We involved additional independent service user researchers to validate the classifications through two steps:

1.
Two service users coded the tweets as stigmatising or not and if they disagreed on the classifications, a third service user researcher resolved the coding to produce the final classification.
2.
To verify the final classifications of the tweets, a fourth service user researcher coded a random 20% sample.

Feature engineering

Feature engineering is the application of domain knowledge to potential model inputs, with the goal of creating a feature set that is optimised to predict stigma²². A list of features is provided below. We extracted features based on previous twitter work and features that were identified by our service user advisory group are indicated with a *

1.
Sentiment: Sentiment analysis has been used to extract people’s opinions on healthcare-related topics²³. Sentiment identifies positive, neutral, or negative text and we considered this to be an important feature in stigma detection (scores closer to −1 are very negative, +1 are very positive and 0 is neutral). Sentiment for each tweet was analysed using a python library called TextBlob. Words with a stronger degree of sentiment will have a greater influence on the score and we considered this to be an important feature in stigma detection.
2.
Subjectivity: Subjectivity refers to personal opinion, emotion or judgement, and stigmatising tweets might be more subjective (scores closer to +1 and factual information scores closer to 0). Each tweet was analysed to score the subjectivity of its content again using TextBlob. We wanted to investigate whether stigmatising tweets were more subjective in nature than non-stigmatising tweets.
3.
Length of tweet: Shorter tweets are also associated with stronger opinions²⁴, and we test whether, stigmatising tweets, which are based more in opinion than fact, are shorter than non-stigmatising tweets.
4.
Punctuation*: Each tweet was analysed for the proportion of punctuation it contained to investigate whether stigmatising tweets contained more punctuations (e.g., exclamations marks) than non-stigmatising tweets. The improper use of grammar has been associated with stigma in tweets⁸ so we tested suggested how the proportion of punctuation in tweets is associated with stigma.
5.
The number of uppercase words*: The YPMHAG noted that anger or rage is quite often expressed by writing in uppercase and we investigated whether stigmatising tweets were characterised by this feature.
6.
The average word length of a tweet: This was computed by taking the sum of the length of all the words in a tweet and dividing it by the total length of the tweet. The average word length is an indicator of readability²⁵ and we test whether stigmatising tweets are more or less readable based on their average word length.
7.
The number of words in a tweet: Using fewer words is associated with a ‘clear communication goal’ which indicates negative emotion rather than objectivity²⁶. We tested if stigmatising tweets used fewer words than non-stigmatising tweets.
8.
The number of characters in a tweet: Twitter had increased its character limit to prevent people from ‘cramming their thoughts’²⁷. It is therefore thought that as a user approaches the character limit (an increase in number of characters), they are having to put more thought into what they say, to ensure it is captured within the limit. We test whether stigmatising tweets are not well thought out as they may contain fewer characters.
9.
The number of hashtags in a tweet*: YPMHAG members indicated that they would come across negative content while using hashtag search options.
10.
The number of numeric characters in a tweet*: Members of the YPMHAG hypothesised that stigmatising content may contain words where a letter is replaced by its numerical form (e.g., the letter ‘A’ replaced with the number ‘4’).

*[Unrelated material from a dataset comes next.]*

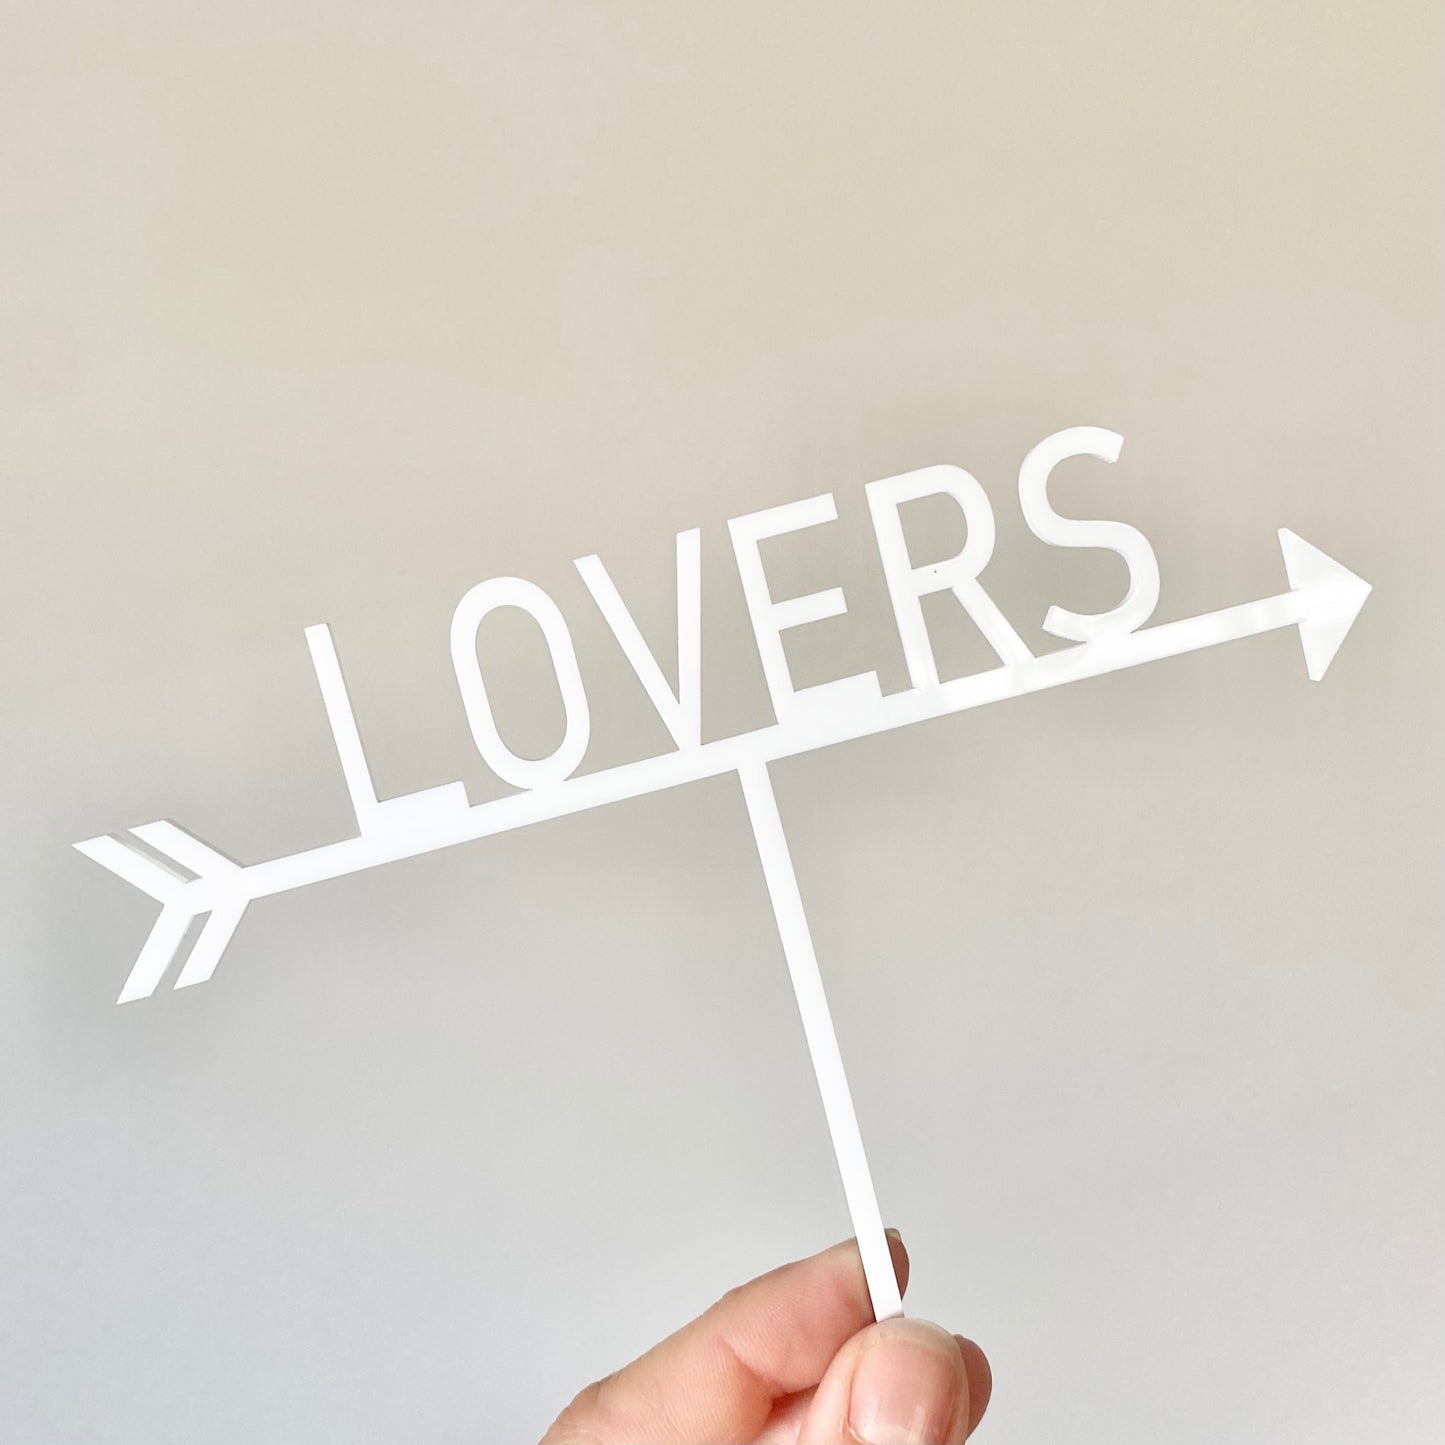 Lovers arrow
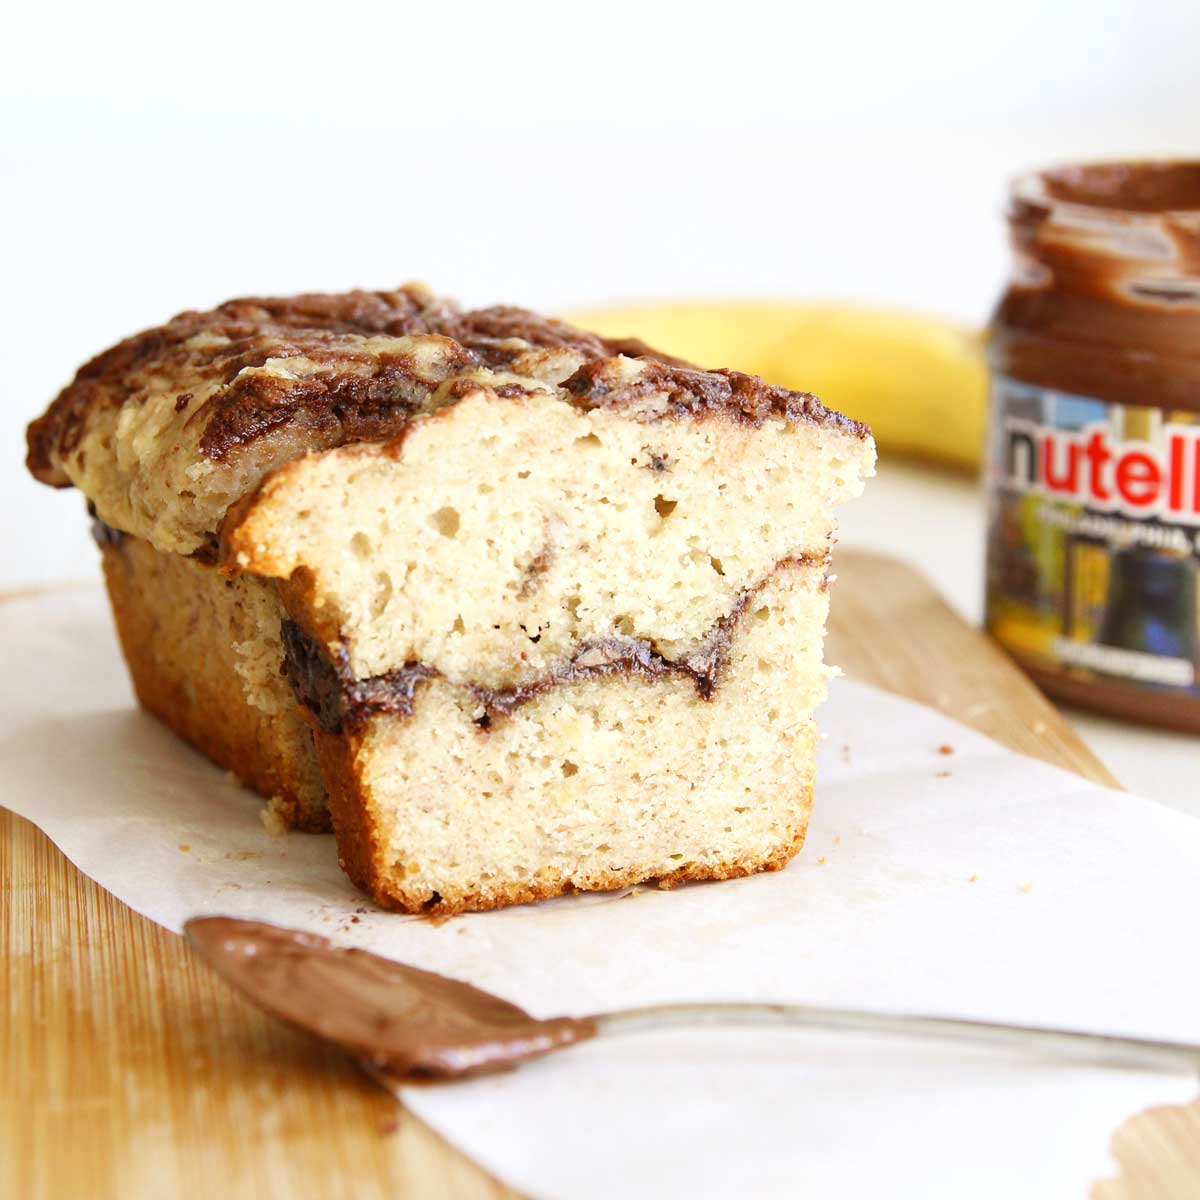 Super Moist Nutella Stuffed Banana Bread with Olive Oil & Almond Flour - Lemon Whipped Cream

Data Analysis of service user manual coded tweets

The selection of relevant features, and the elimination of irrelevant ones, is still one of the central problems in machine learning²⁸. Removing inappropriate features will minimise noise when fitting models²⁹. We tested all features against the service user manually coded tweets to investigate whether our engineered features differed between the stigmatising and non-stigmatising tweets using independent sample, two-sided t-tests. Only significant features were then entered into the models.

Data pre-processing for machine learning

Natural language processing methods converted the tweets into their numerical form which included removing stop words and lemmatising to remove noise³⁰. These are described below:

Dimensionality reduction

Noise removal The tweets were pre-processed to remove noise before vectorising²⁹. This involved:

1.
Removing punctuation: Punctuations were removed from the tweets.
2.
Tokenization: Each tweet was separated into a list of individual words (i.e., tokens);
3.
Removing stop words: Common, highly frequent words (e.g., the, and, or) were removed from the dataset;
4.
Lemmatising: Each token was converted into its root form by removing inflectional endings (e.g., “typing” or “typed” into “type”). Lemmatising transforms words into ones that are less readable, but closer to their base meaning, and thus more suitable for comparison across tweets. Lemmatising also reduces the number of features in the dataset and therefore decreases the noise in the model.

Each tweet was vectorized using Term Frequency-Inverse Document Frequency³¹ (TF-IDF). This method of vectorizing is based on the weighting of words within the tweet, with the importance of the word within a tweet encapsulated by its weighting. This is considered along with the frequency of the word across all the tweets, where rarer words are given higher values (see equation below).

This weighting encapsulates the amount of information inherent in a word, based on a linguistic observation. For example, a noun or a verb may represent greater meaning but occur less often when compared to function words. In this variant, a weighting based on the document frequency (i.e., the number of tweets containing the word) is multiplied by the frequency of the word in the tweet, as outlined by Eq. (1).

$$\begin{array}{lll}w_{i,j} &=& tf_{i,j} \times \log \left( {\frac{N}{{df_i}}} \right)\\ tf_{i,j} &=& {{{\mathrm{number}}}}\,{{{\mathrm{of}}}}\,{{{\mathrm{occurrences}}}}\,{{{\mathrm{of}}}}\,i\,{{{\mathrm{in}}}}\,j\\ df_i &=& {{{\mathrm{number}}}}\,{{{\mathrm{of}}}}\,{{{\mathrm{documents}}}}\,{{{\mathrm{containing}}}}\,i\\N &=& {{{\mathrm{total}}}}\,{{{\mathrm{number}}}}\,{{{\mathrm{of}}}}\,{{{\mathrm{documents}}}}\end{array}$$

(1)

The formula to calculate the Term Frequency-Inverse Document Frequency of a text dataset.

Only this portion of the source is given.